__Information shown__:
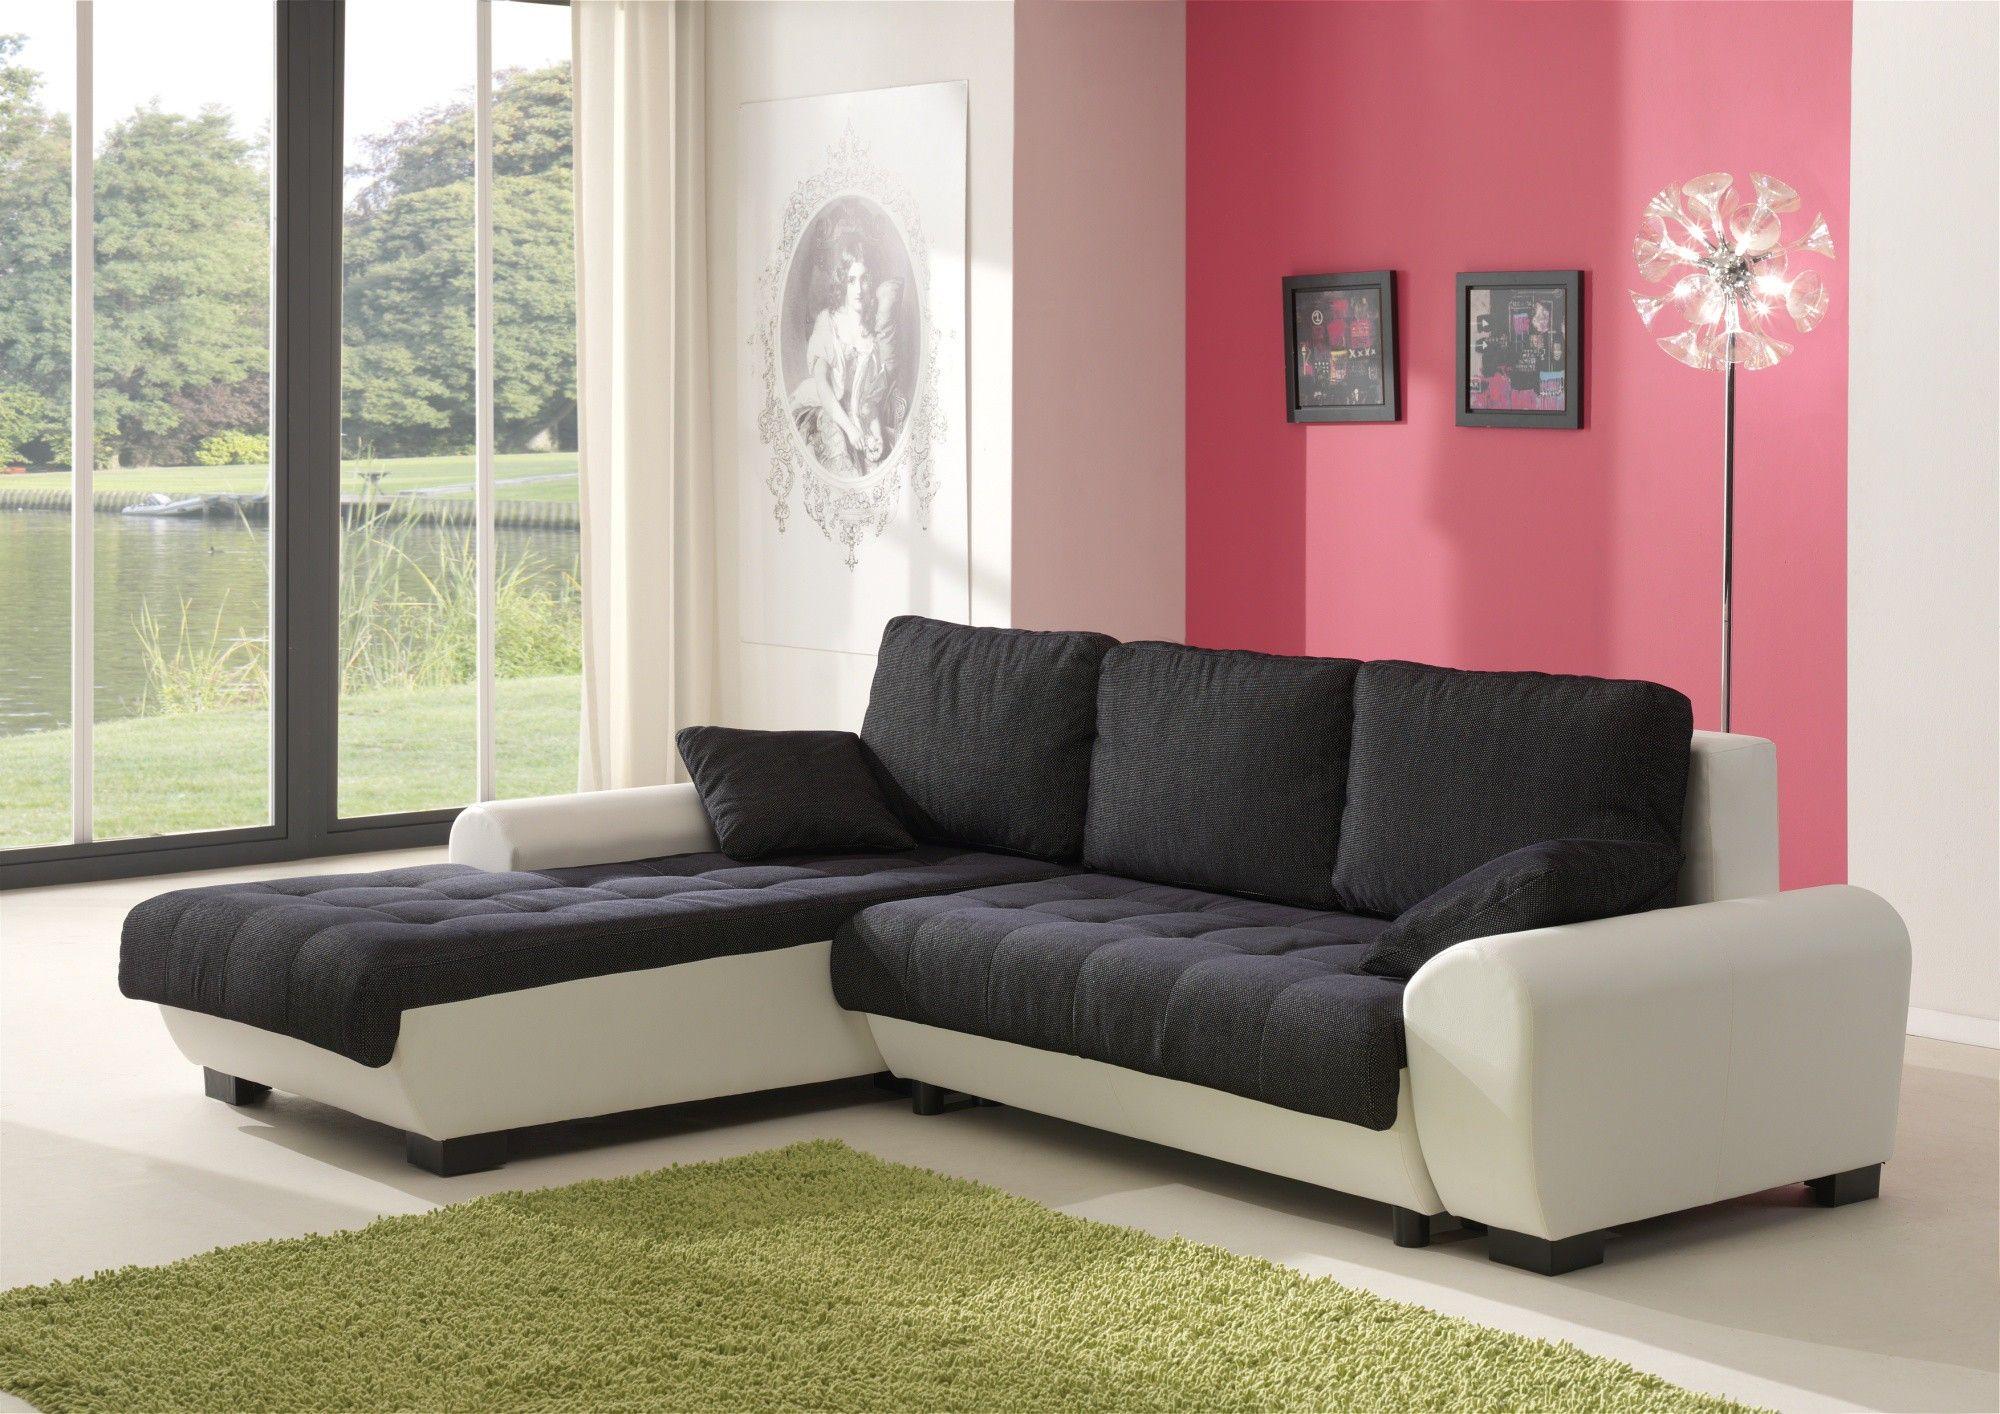 canap d 39 angle contemporain convertible en tissu coloris noir blanc iseult. Black Bedroom Furniture Sets. Home Design Ideas
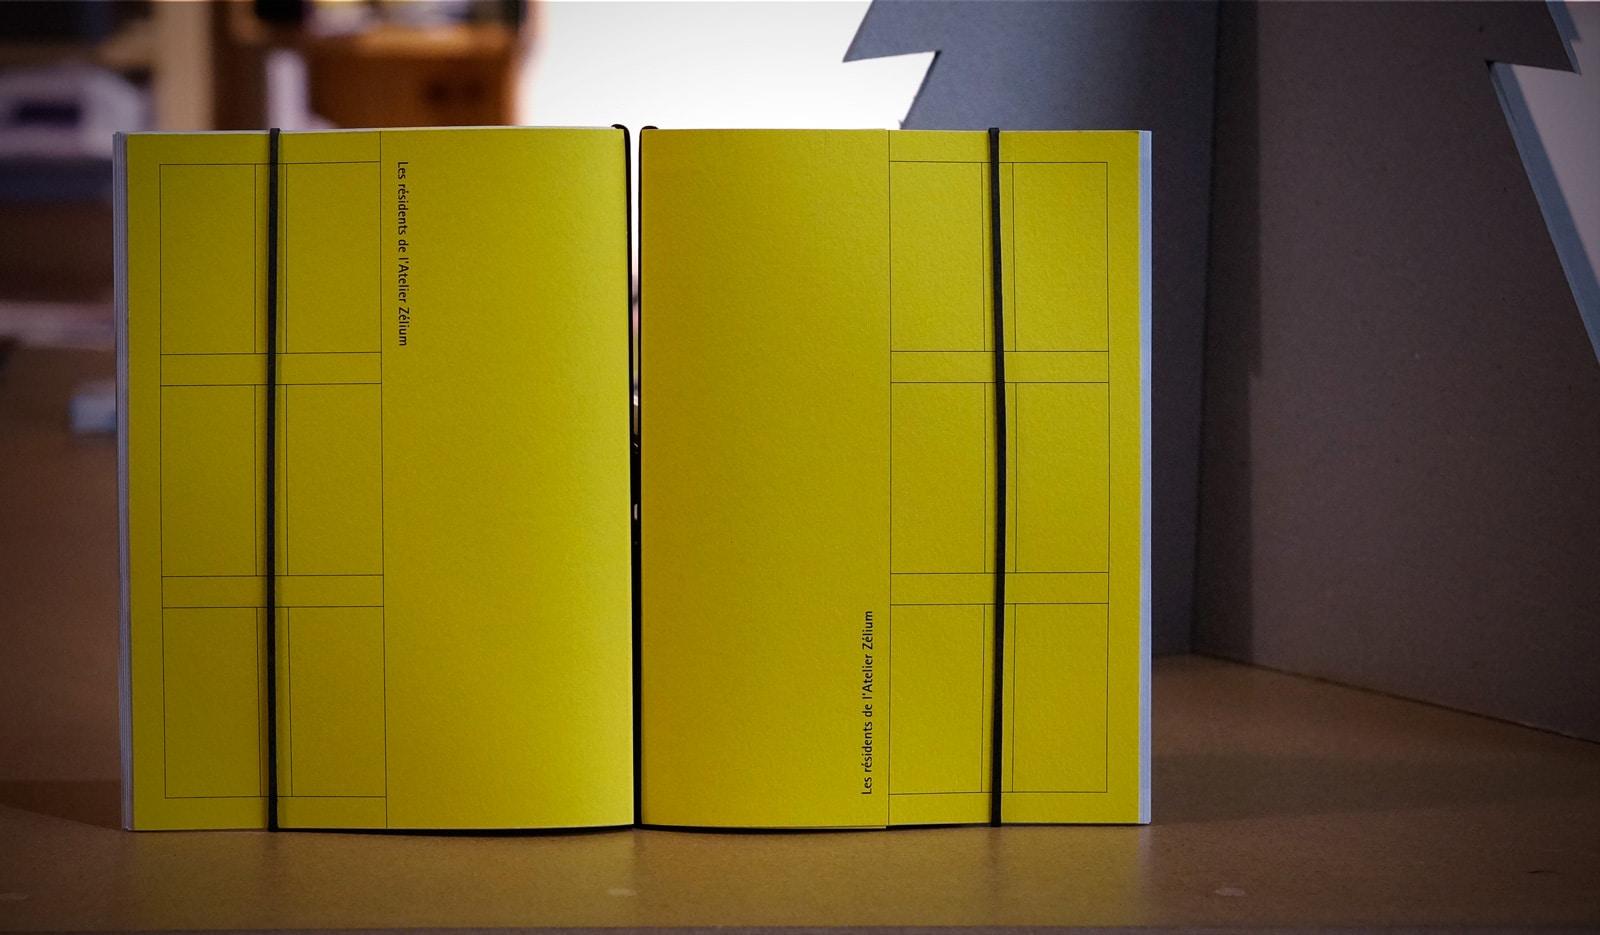 dossier-presse-jaune-encart-1-studio-octopus
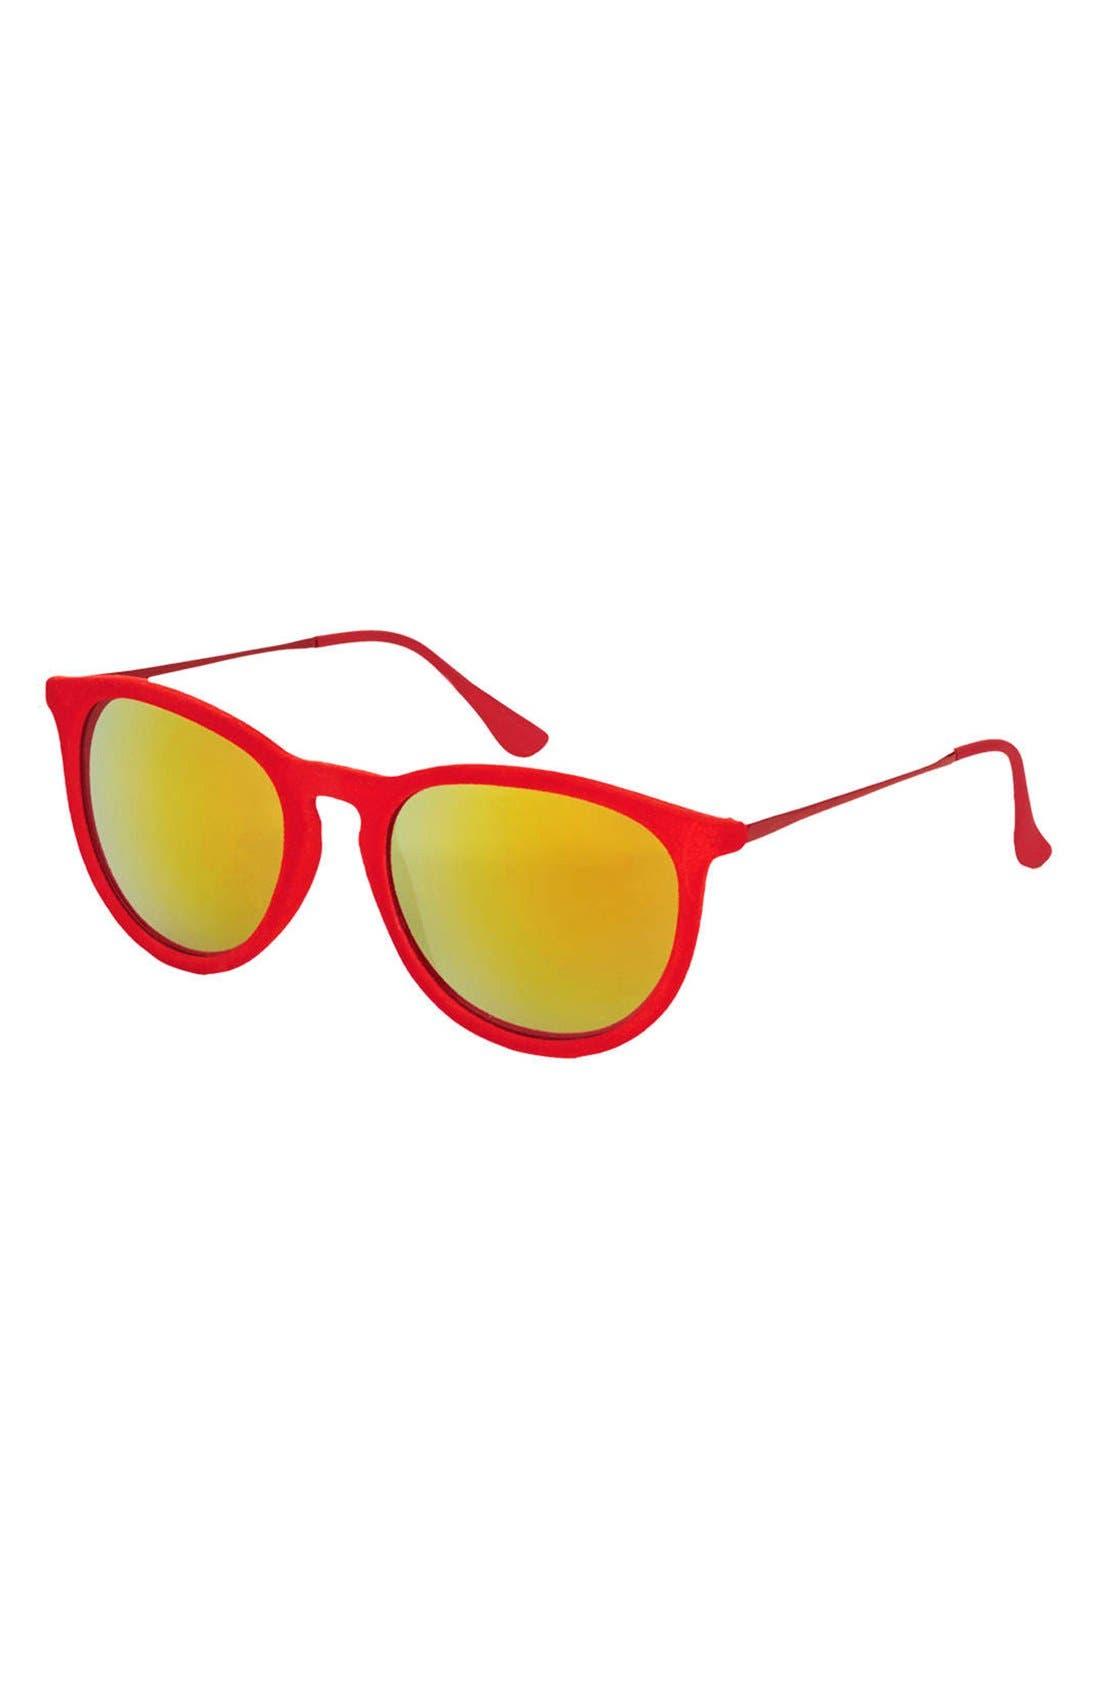 Alternate Image 1 Selected - Topshop 'Revo' 53mm Velour Sunglasses

__Task to complete__:
Leave out the pictures and repeat the remaining data exactly.

__Task response__:
 canap d 39 angle contemporain convertible en tissu coloris noir blanc iseult. Black Bedroom Furniture Sets. Home Design Ideas
 dossier-presse-jaune-encart-1-studio-octopus
 Alternate Image 1 Selected - Topshop 'Revo' 53mm Velour Sunglasses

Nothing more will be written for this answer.